Task brief
Using the data below, restate exactly every line from the one with "प्रधानमंत्री फसल बीमा" up to and including the one with "programmma di installazione.". No picture belongs in it.

Data excerpts
--- START ---
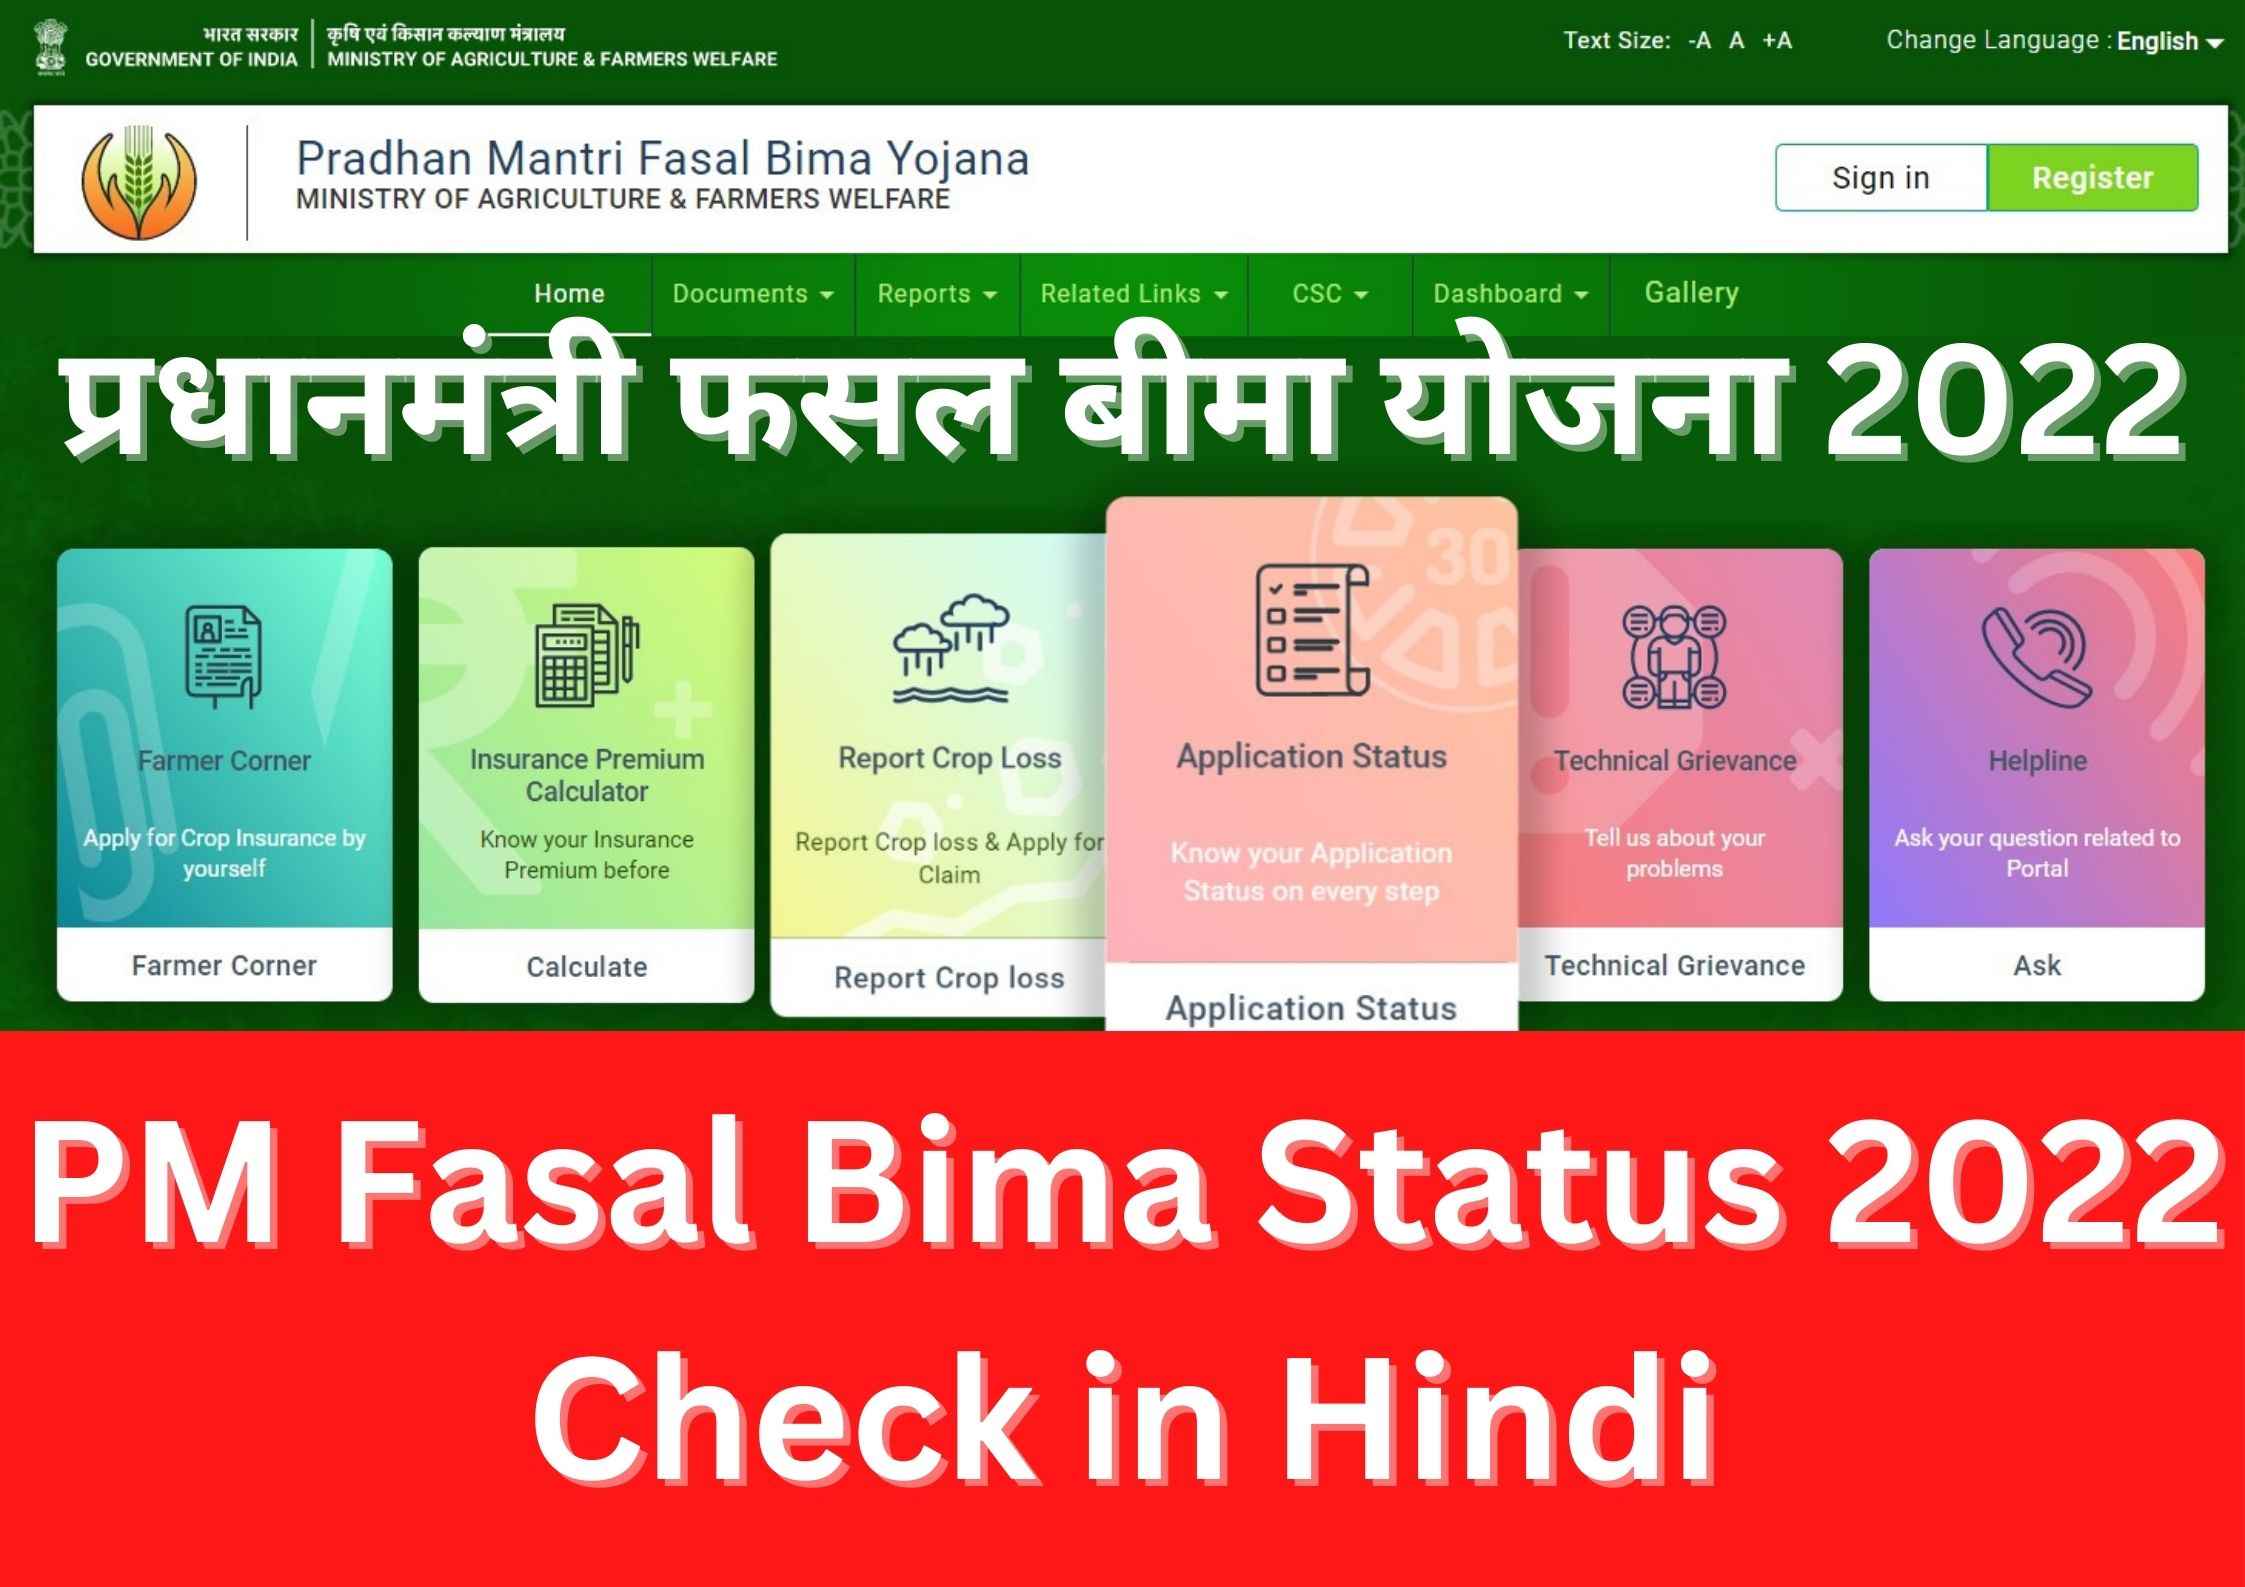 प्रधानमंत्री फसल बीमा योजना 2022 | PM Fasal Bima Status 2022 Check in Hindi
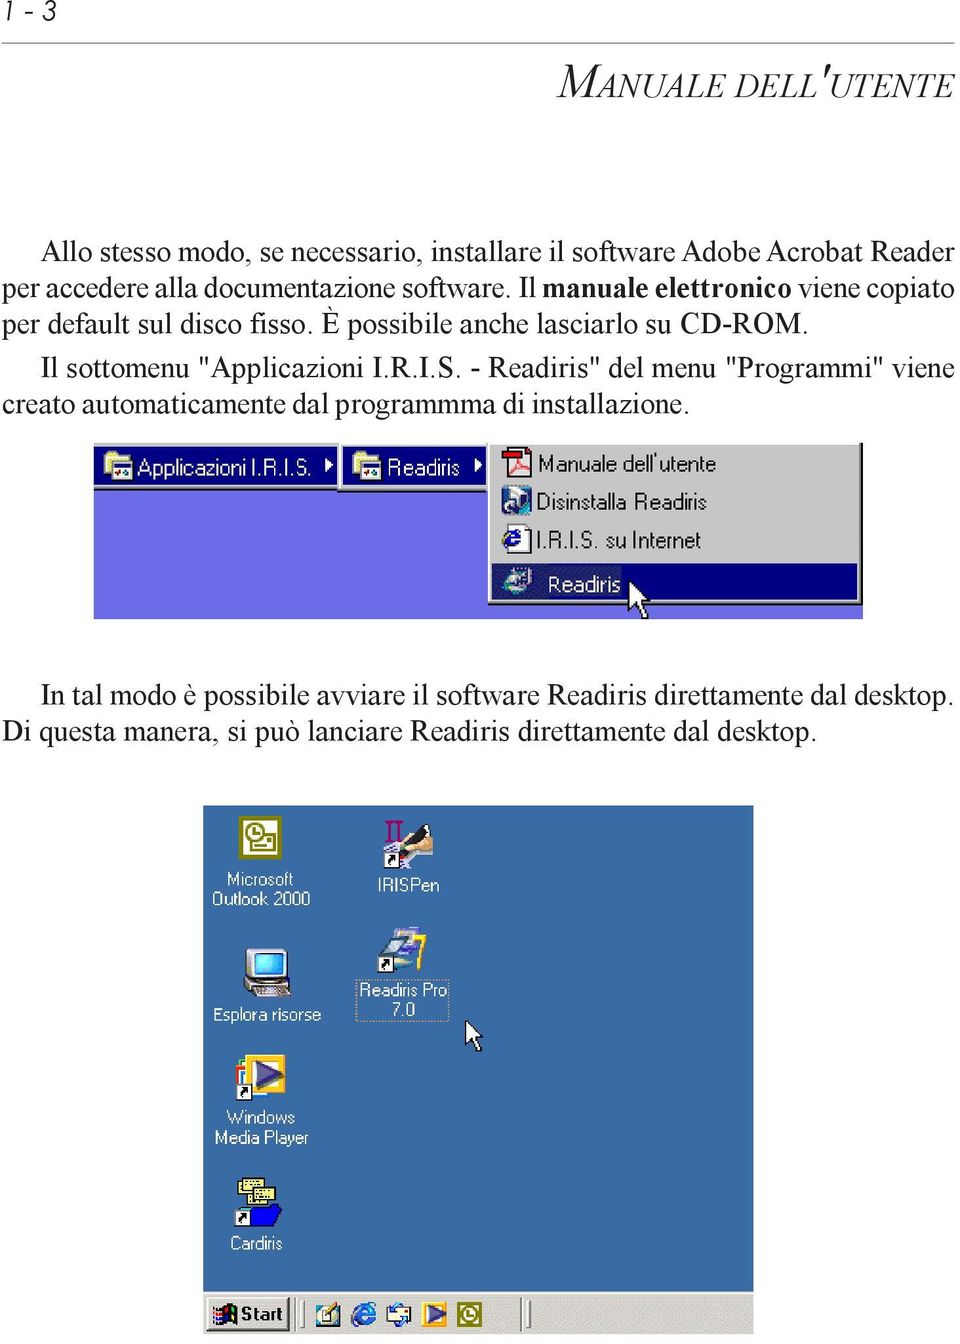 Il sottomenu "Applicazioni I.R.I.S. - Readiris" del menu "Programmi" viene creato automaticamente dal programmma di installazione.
--- END ---
--- START ---
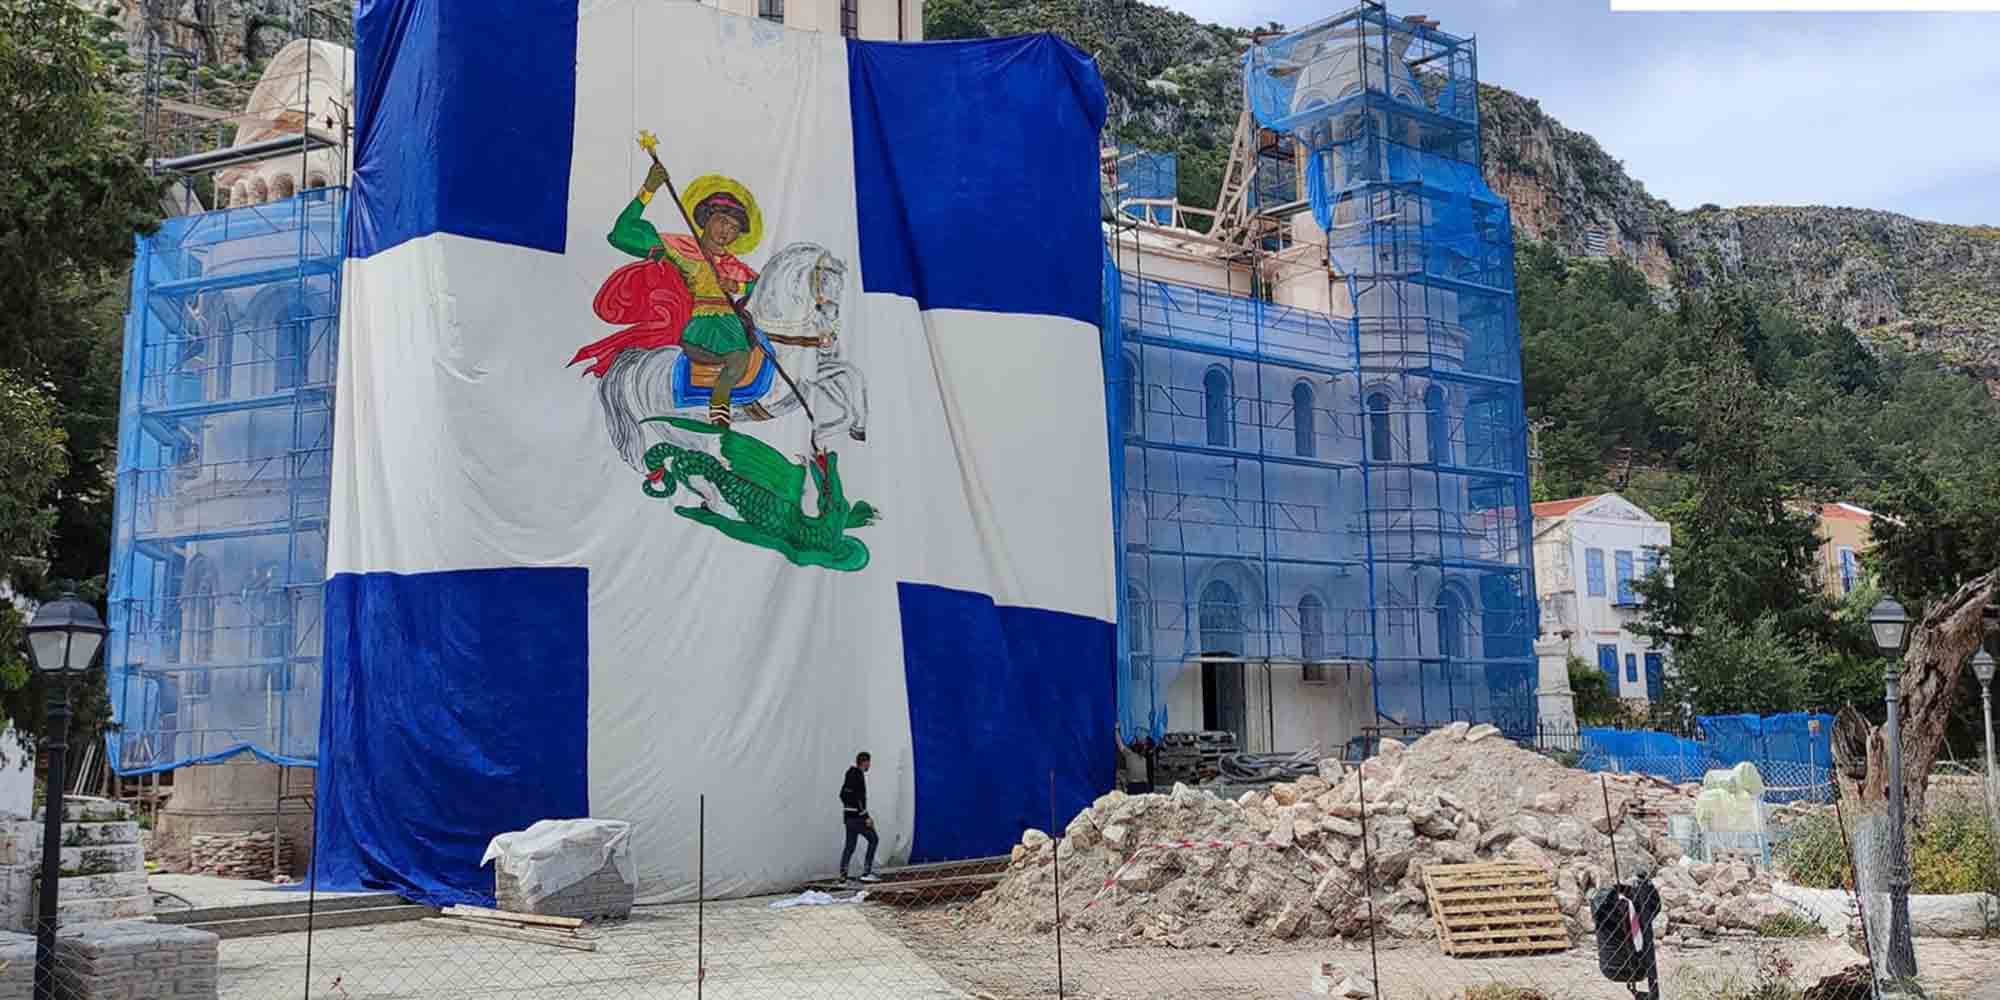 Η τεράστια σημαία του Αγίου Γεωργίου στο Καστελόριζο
--- END ---
Exercise response
 प्रधानमंत्री फसल बीमा योजना 2022 | PM Fasal Bima Status 2022 Check in Hindi
 Il sottomenu "Applicazioni I.R.I.S. - Readiris" del menu "Programmi" viene creato automaticamente dal programmma di installazione.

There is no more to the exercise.